Roudinesco’s observations remind one of literary critic John Carey’s provocations. On a visit to Dublin, in discussion with Irish literary critic Declan Kiberd, Carey dared to suggest that Joyce’s Ulysses was a treatment for insomnia. Carey was reheating a theme from his The Intellectuals and the Masses (Carey 2005), about the response of the English literary intelligentsia to the new phenomenon of mass culture more than a century ago. The Education Acts of the 1870s created a mass reading public with mass circulation newspapers. Literary intellectuals were hostile to these developments regarding universal education as a mistake. As Carey suggested, ‘they resented the “semi-literate” masses, despised their pretensions to culture and detested newspapers’ (Carey 2014, 326). They created ‘modernist literature which cultivates obscurity and depends on learned allusions, comprehensible only to the highly educated’ (327). Carey noted similar developments in the other arts.
Kiberd himself was to say something similar on the fortieth anniversary of May ’68.

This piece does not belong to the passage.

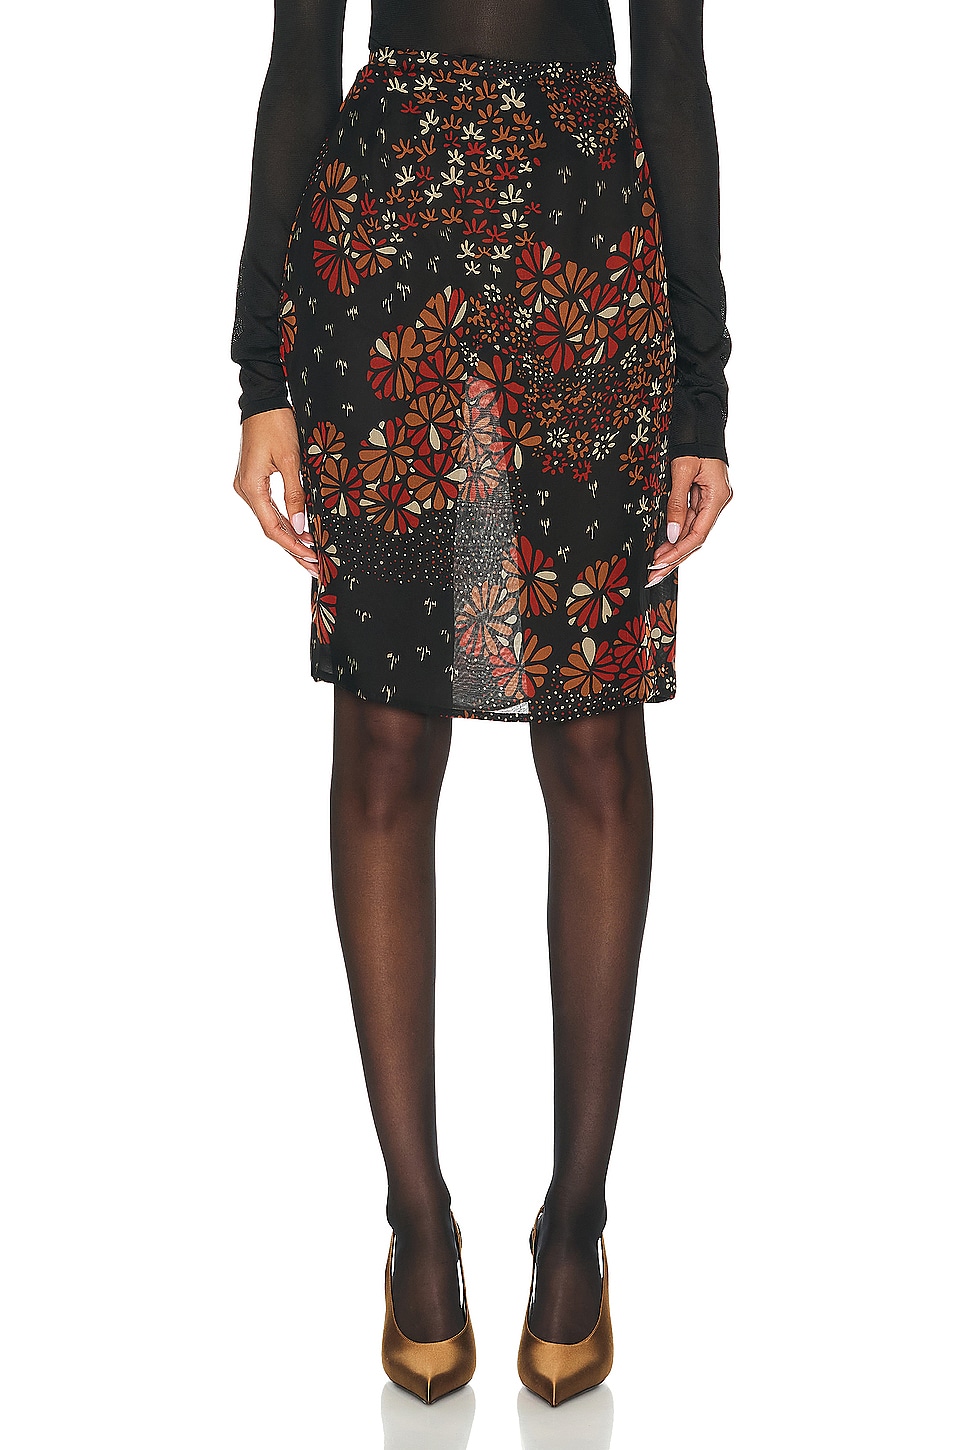 Saint Laurent Floral Skirt in Black

Those who failed to make a revolution in the world settled instead for making one in language. They retreated from the streets and factories to university arts’ facilities. There they propounded extreme forms of post-structural theory in a specialist jargon, which no normally intelligent person could (or should) ever hope to understand.
(Kiberd 2008).
The ‘incomprehensible language’ and ‘specialist jargon’ of the Lacanian groups was in part an elitist response to the newly emergent mass therapy culture during the 1970s and 1980s including Anglo-American psychotherapy post-Freud. The Lacanian intent, never stated, was to exclude the therapy-hungry masses from such high culture and esoteric doctrines. When a colleague attempted to purchase a copy of Lacan’s Écrits in a small Parisian bookstore back in the ‘70s, the owner of the shop strongly discouraged him from spending his money on a text of such supreme difficulty.